Guns elicit a reaction in a great many people, but especially gun owners.
For the record, we tend to be pretty passionate about our Second Amendment rights, and we don’t let anyone infringe on them. We’ll call up congressmen and women, we’ll petition governors and presidents, we’ll hold rallies, we’ll battle for our rights at every single level of government.
That includes local government, which it seems the city of Charlestown, Rhode Island learned the hard way.
Monday’s Town Council meeting was postponed when 170 people packed the council chambers, which has a capacity of 100. Prompted by an item on the agenda that proposed to restrict target shooting to licensed shooting ranges, gun rights advocates, as well as people who support the proposal, were eager to voice their opinions.
“We can’t hold the meeting,” council President Virginia Lee told the crowd. “We will duly advertise, at a larger venue, likely the elementary school, where we can actually hear everybody and give everyone a chance to speak.”
In attendance were the two neighbors at the center of the debate: King’s Factory Road resident JoAnn Stolle and her neighbor, Jim Blackwood. Stolle, who has lived in her home for more than 30 years, is proposing the ordinance and Blackwood and his family, who moved into the neighborhood about a year ago, enjoy target shooting on their property.
In a written presentation which she will make to the council, Stolle, a member of the town’s Zoning Board of Review, cites the potential danger of stray bullets as well as the noise, which she described as “extremely disturbing.” She has also collected 60 signatures on a petition calling for the regulation of target shooting.
“My neighbors moved in last on December 28, three days after Christmas and started blasting away,” she said.
Anthony Dean Stanton, Chief Sachem of the Narragansett Indian Tribe, said he supported Stolle’s initiative.
“It’s in the interest of public safety – Indian and non-Indian,” he said.
Blackwood said safety was also his paramount concern.
“I am 100 percent safe, I feel,” he said, noting that the dispute was probably about more than guns. “Because of the type of person we’re dealing with and the situation that’s going on, it’s other issues besides the shooting, too. There’s control of land. This started before we even bought the property, with the builder, with the developer of the land – there’s issues there. It’s just a control thing.”
There’s likely a bit more to it than just noise or safety. After all, most people who shoot on their land understand what they’re doing and how to minimize any risk to the surrounding neighbors.
Most, anyway.
Still, I’m not sure what annoys me the most on this one.

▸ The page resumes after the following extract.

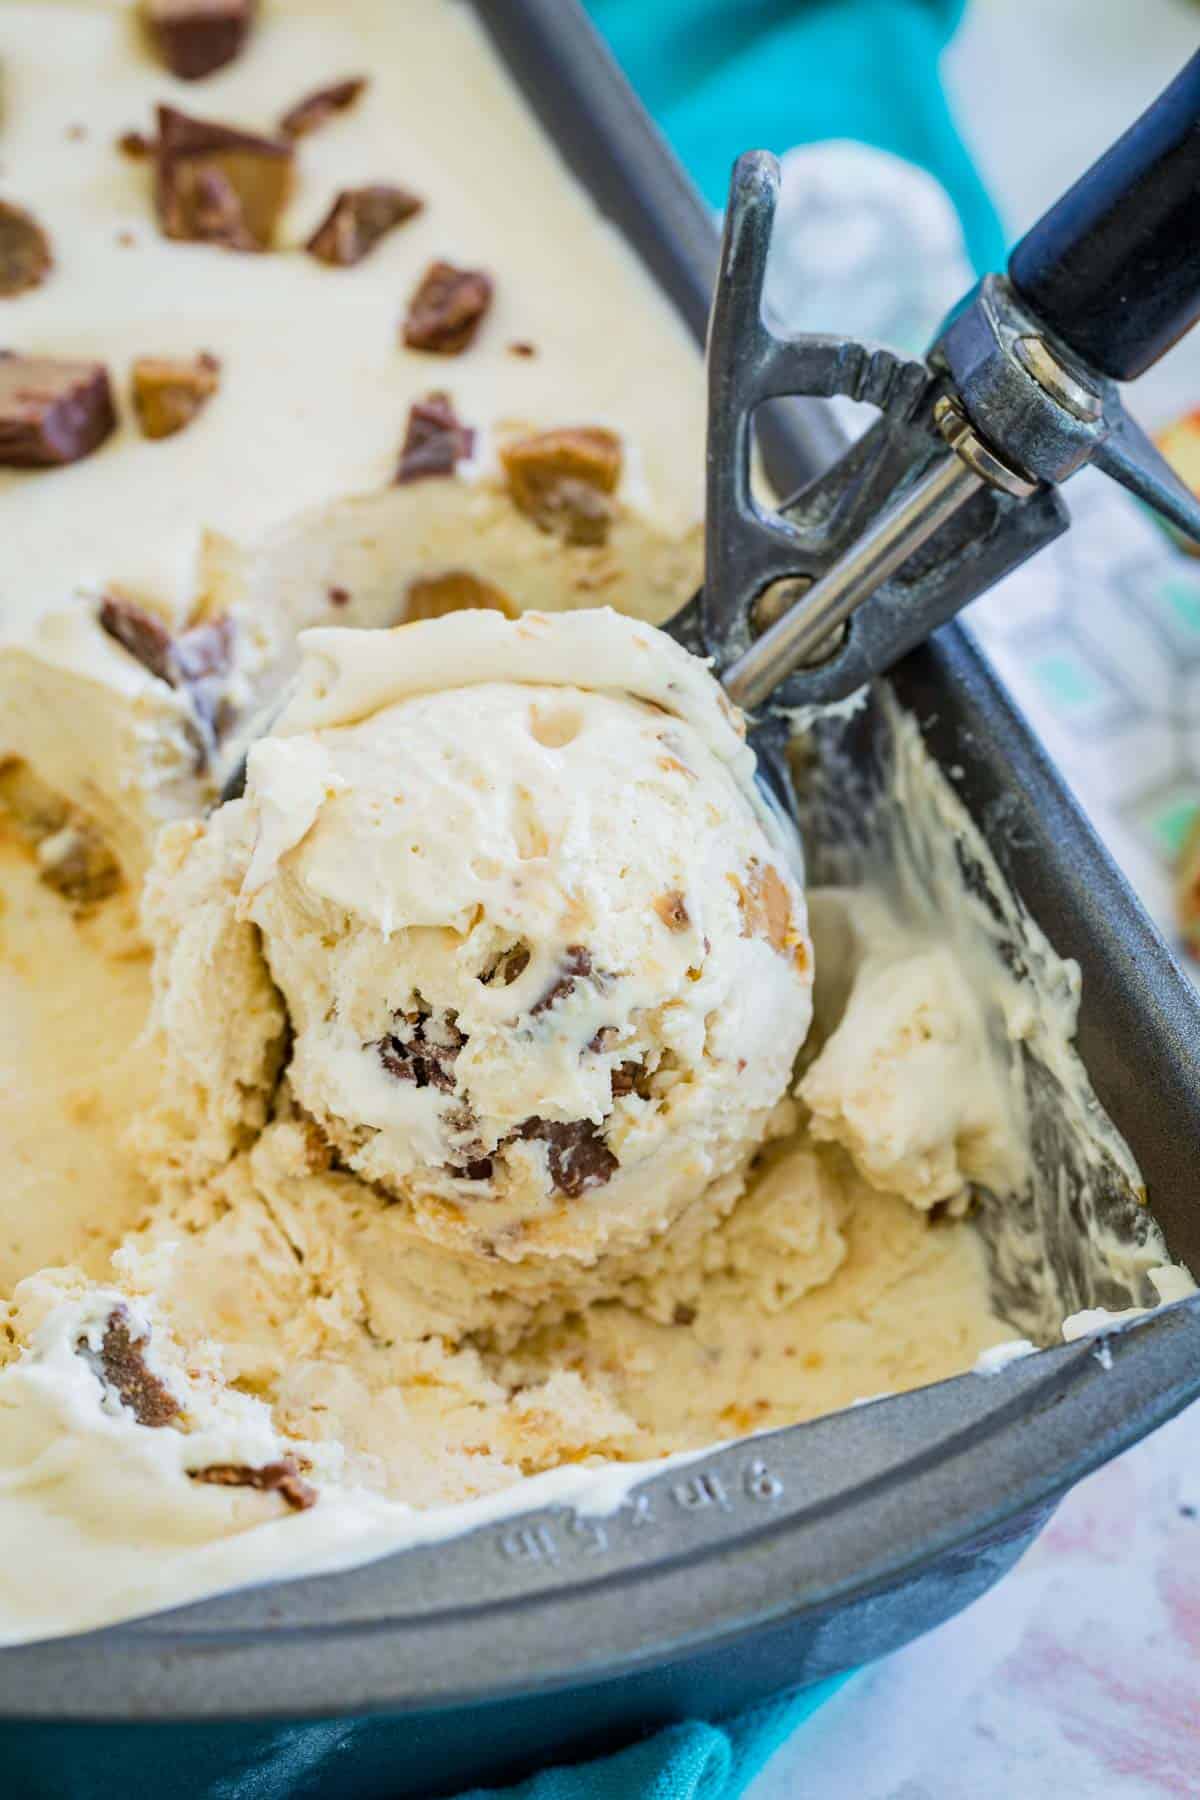 No-churn Reese's ice cream is scooped from a loaf pan with a large ice cream scoop.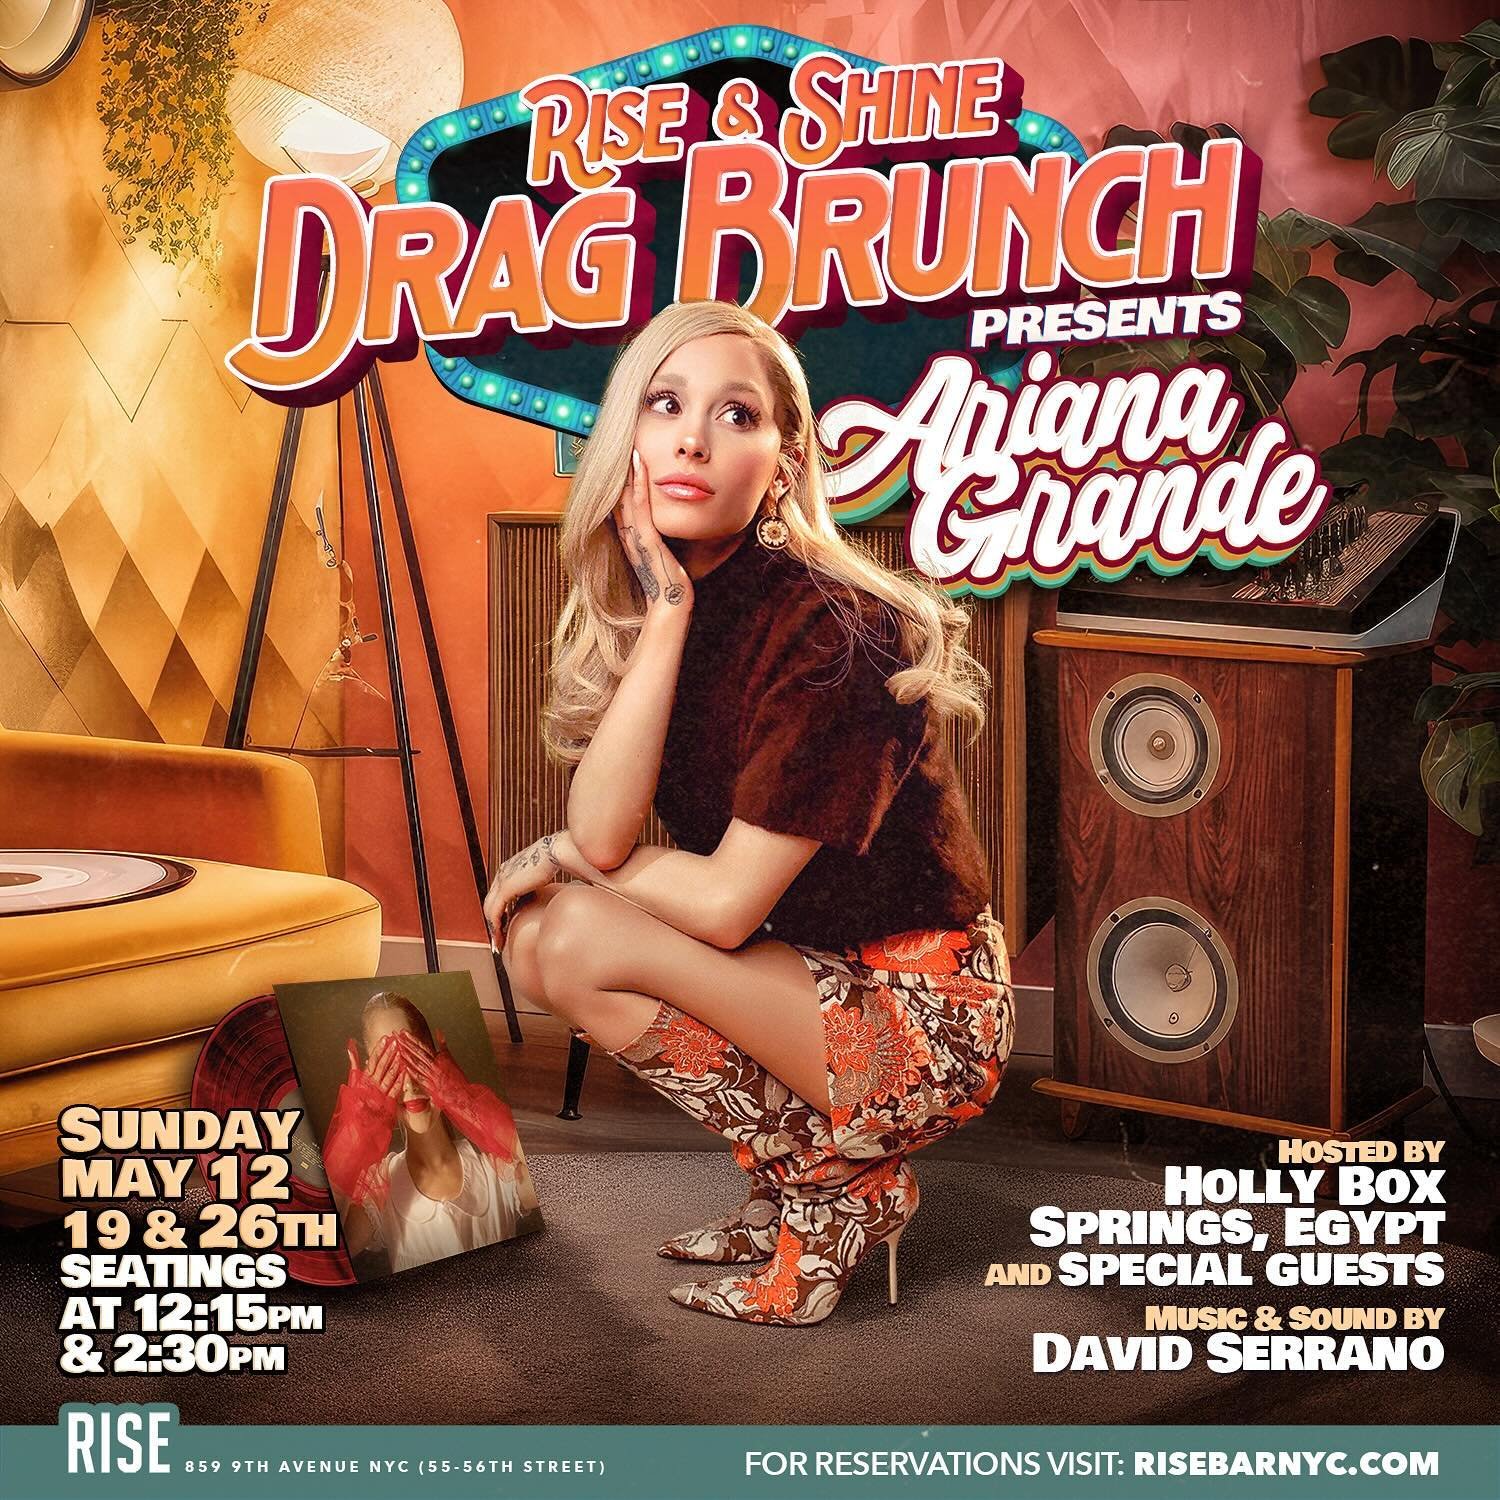 Sunday we are kicking off our Ariana Grande Drag Brunch at Rise! Get your reservations NOW in our bio! Seating at 12:15 and 2:30!

Is it the idea of being told you can’t shoot on your land or being told that you can’t shoot on your land.
In other words, there’s both a Second Amendment issue and a property rights issue, and property rights are pretty damn important to me even if they’ve been stomped into the dirt by the government for centuries now.
However, it’s heartening to hear that an issue like this elicited such a reaction. I’ll be honest, I’m hoping that most of those who came were pro-gun, but we’ll have to see.